Detailed Feature Breakdown

  • Theming - customizing the look and feel of the portal
    • i18n
  • CMS - e.g., news/ideas/about/docs. Learn about CMS options - CMS.
    • Blog
    • Contact page?
    • Help / Support / Chat
    • Newsletter
  • DMS Basic - Catalog: manage/catalog multiple formats of data
    • Activity Streams
    • Data Showcase (aka Dataset view page) -
      • Resource previews
    • Metadata creation and managemet
      • Multi-language metadata
    • Data import and storage
      • Storing data
    • Data Catalog searching
    • Data searching
    • Multiple Formats of data
    • Tagging and Grouping of Datasets
    • Organization as publishers and teams
  • DMS Plus
    • Permissions: identity, authentication, accounts and authorization (including "teams/groups/orgs")
    • Revisioning of data and metadata
    • DataStore and Data API: …
    • Monitoring: who is doing what, audit log etc
    • Usage Analytics: e.g. number of views, amount of downloads, recent activity
  • ETL: automated metadata and data import and processing (e.g. to data store), data transformation …
    • Harvesting: metadata and data harvesting
    • DataPusher
    • xLoader
  • (Data) Explorer: Visualizations and Dashboards

Data Validation

DevOps

  • CKAN Cloud: multi-instance deployment and management
  • Backups / Disaster recovery

Not sure they merit an item …

  • Cross Platform
  • Data Sharing: A place to store data, with a permanent link to share to the public.
  • Discussions
  • RSS
  • Multi-file download

CKAN the Data Portal Software

CKAN is the leading data portal software.

It is both usable out of the box and can also be utilized as a powerful framework for creating tailored solutions.

CKAN's combintation of open source codebase and enterprise support make it uniquely attractive for organizations looking to build customized, enterprise-grade solutions.

Appendix

TODO: From Data Portal to DataHub (or Data Management System).

Is a Data Catalog the same as a Data Portal? (Yes)

Is a data catalog the same as a data portal?
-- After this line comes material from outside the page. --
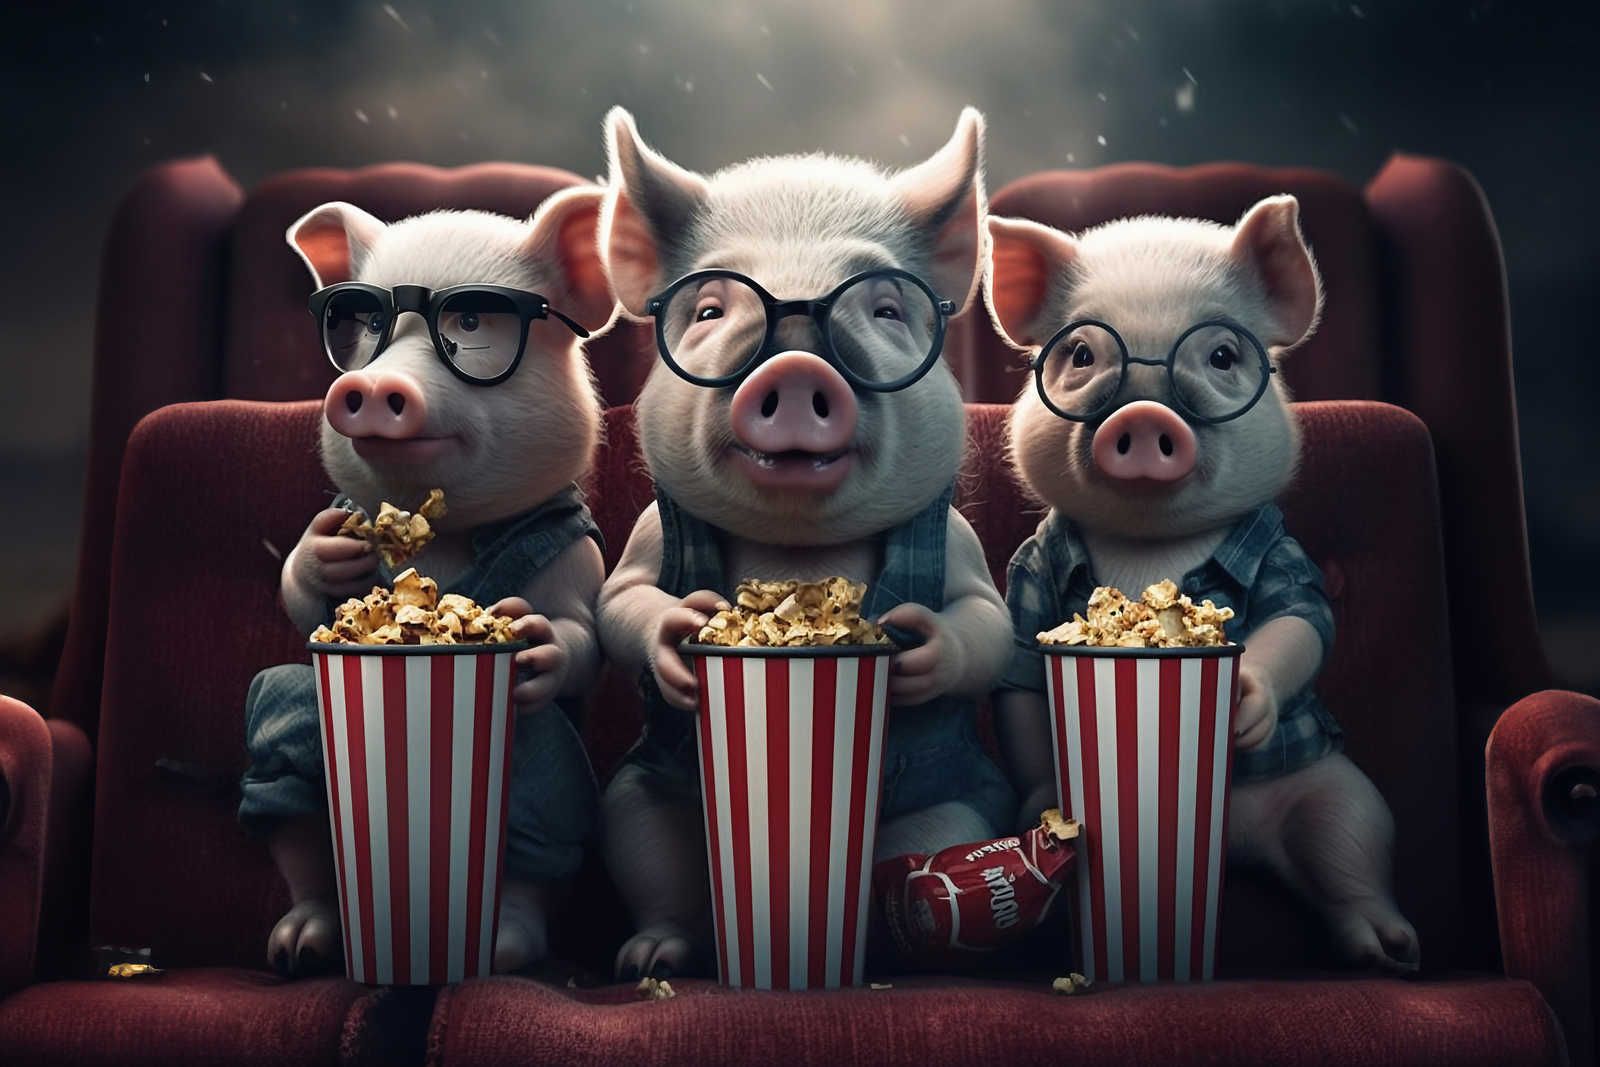             KI-Leinwandbild »popcorn pigs« – 120 cm x 80 cm
        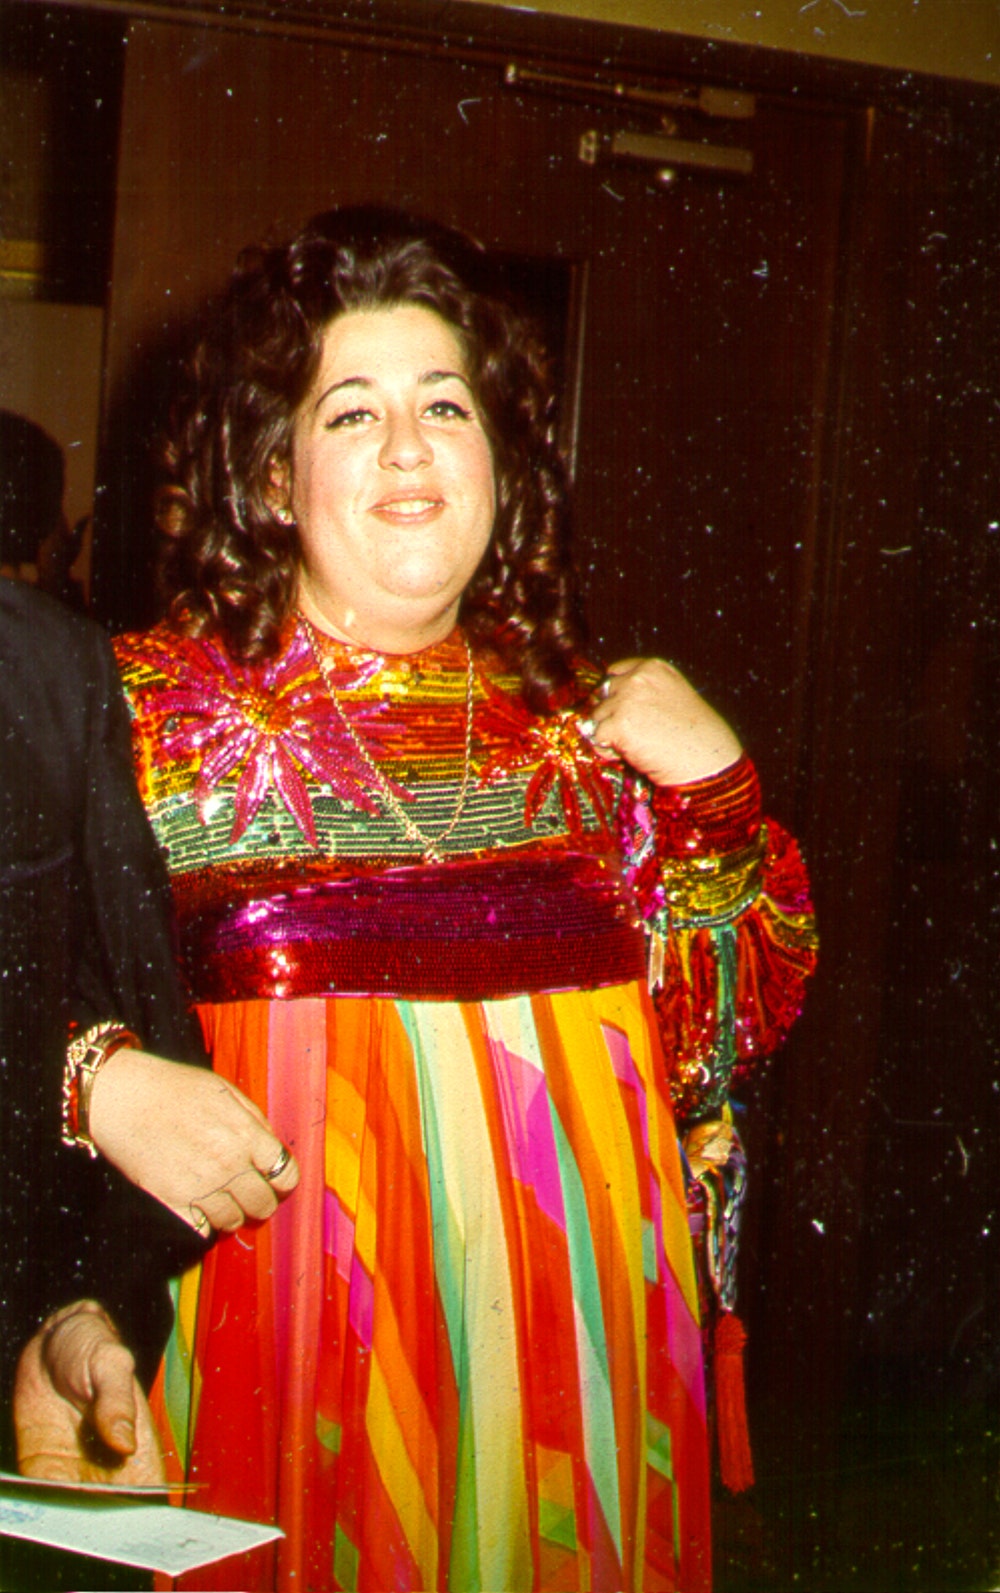 Cass Elliot wearing a colorful dress

Yes. Data Portals are the evolution of data catalogs.

Data Portals were originally called a variety of names including "Data Catalog". As catalogs grew in features they have evolved into a full portal.

Open Data Portals and Internal Data Portals.

Many initial data portals were "open" or public: that is anyone could access them – and the data they listed. This reflected the fact that these data portals were set up by governments seeking to maximize the value of their data by sharing it as widely as possible.

However, there is no reason a data portal need be "open". In fact, data portals internal to an enterprise are usually restricted to the organization or even specific teams within the enterprise.